Analytical Methods for a Learning Health System: 3. Analysis of Observational Studies

EGEMS (Wash DC). 2017 Dec 7;5(1):30. doi: 10.5334/egems.252.

Abstract

The third paper in a series on how learning health systems can use routinely collected electronic health data (EHD) to advance knowledge and support continuous learning, this review describes how analytical methods for individual-level electronic health data EHD, including regression approaches, interrupted time series (ITS) analyses, instrumental variables, and propensity score methods, can also be used to address the question of whether the intervention "works." The two major potential sources of bias in non-experimental studies of health care interventions are that the treatment groups compared do not have the same probability of treatment or exposure and the potential for confounding by unmeasured covariates. Although very different, the approaches presented in this chapter are all based on assumptions about data, causal relationships, and biases. For instance, regression approaches assume that the relationship between the treatment, outcome, and other variables is properly specified, all of the variables are available for analysis (i.e., no unobserved confounders) and measured without error, and that the error term is independent and identically distributed. The instrumental variables approach requires identifying an instrument that is related to the assignment of treatment but otherwise has no direct on the outcome. Propensity score methods approaches, on the other hand, assume that there are no unobserved confounders. The epidemiological designs discussed also make assumptions, for instance that individuals can serve as their own control.

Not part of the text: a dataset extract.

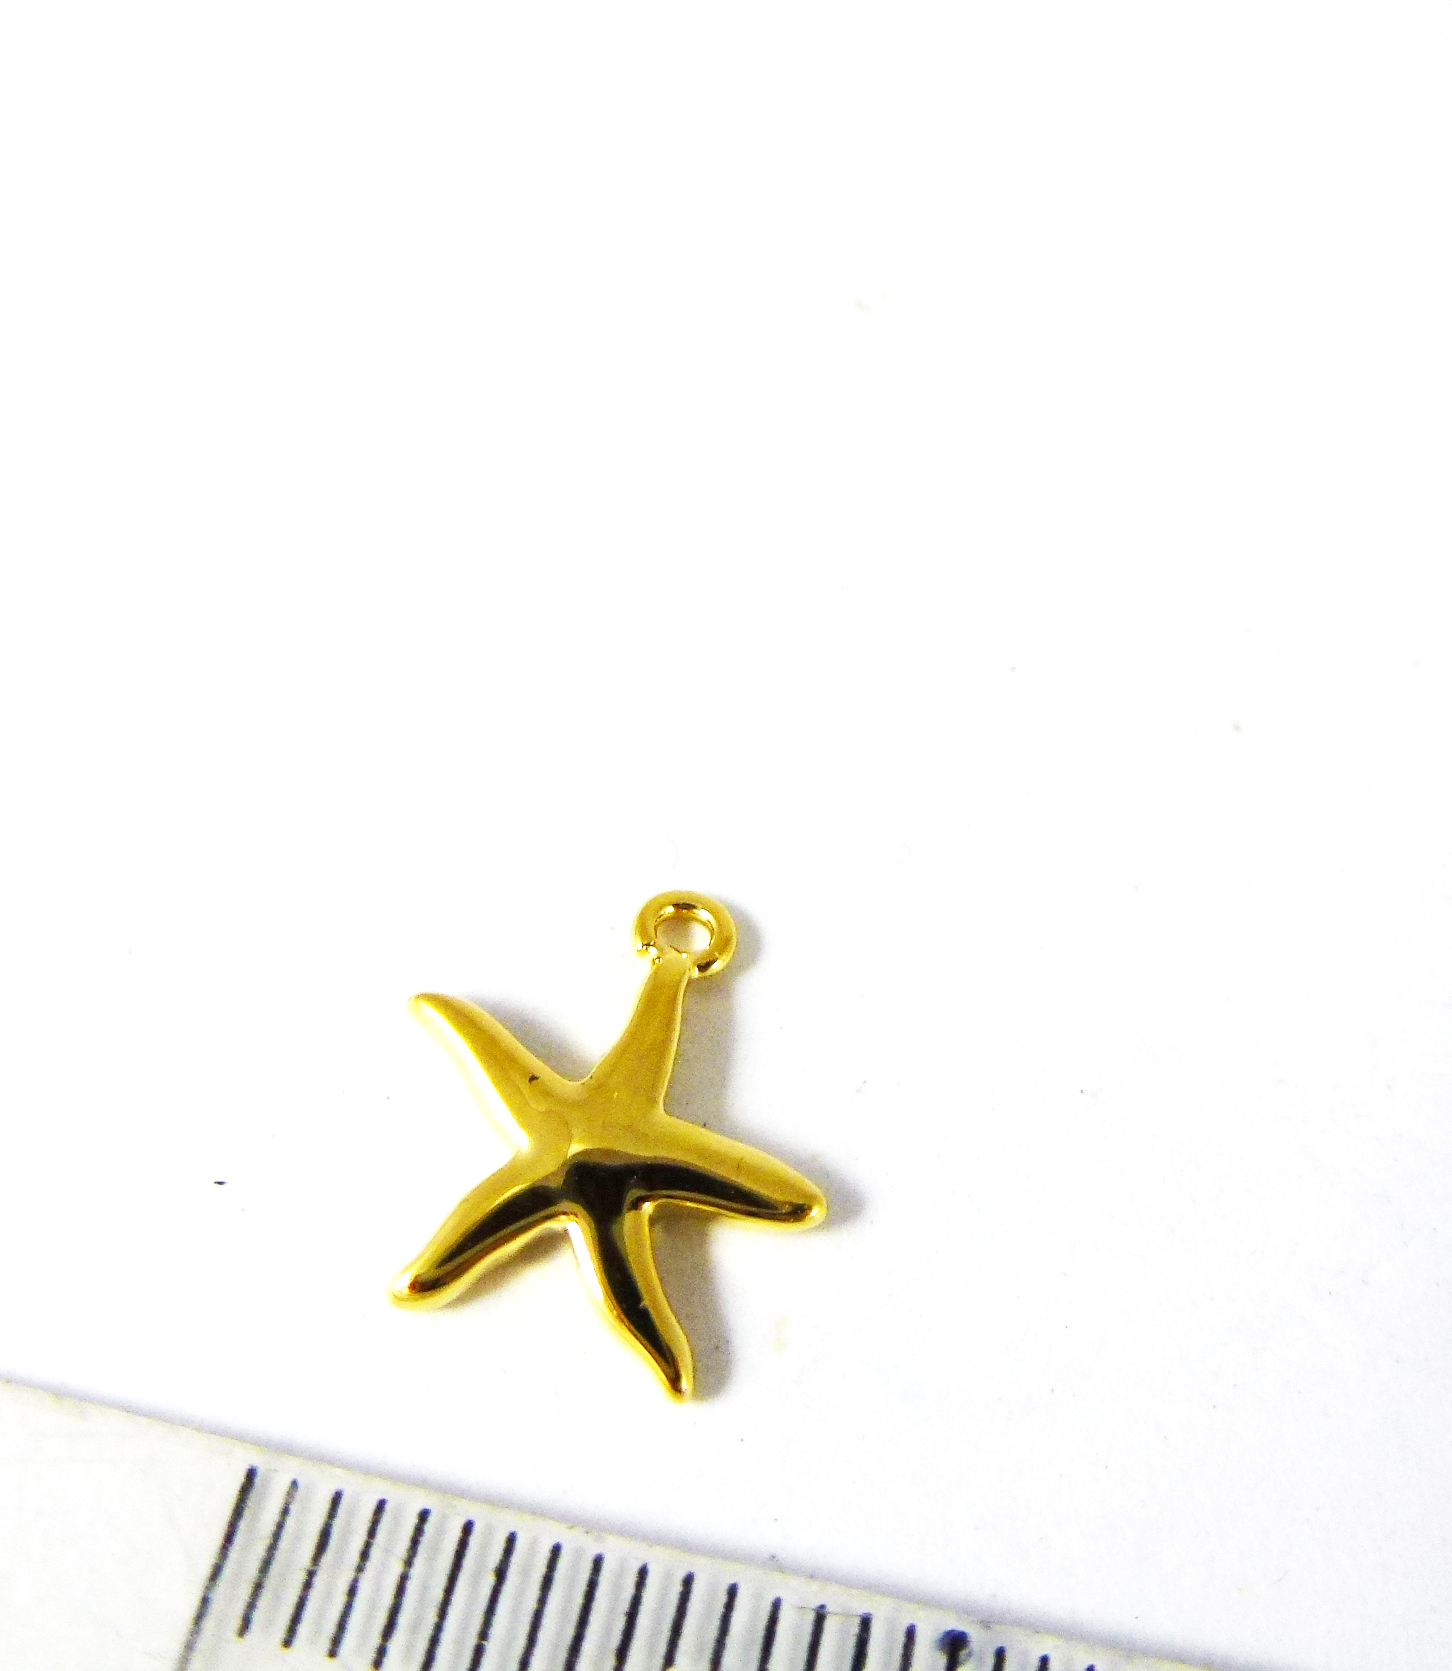 10mm銅鍍金色單孔海星

To properly address these assumptions, analysts should conduct sensitivity analyses within the assumptions of each method to assess the potential impact of what cannot be observed. Researchers also should analyze the same data with different analytical approaches that make alternative assumptions, and to apply the same methods to different data sets. Finally, different analytical methods, each subject to different biases, should be used in combination and together with different designs, to limit the potential for bias in the final results.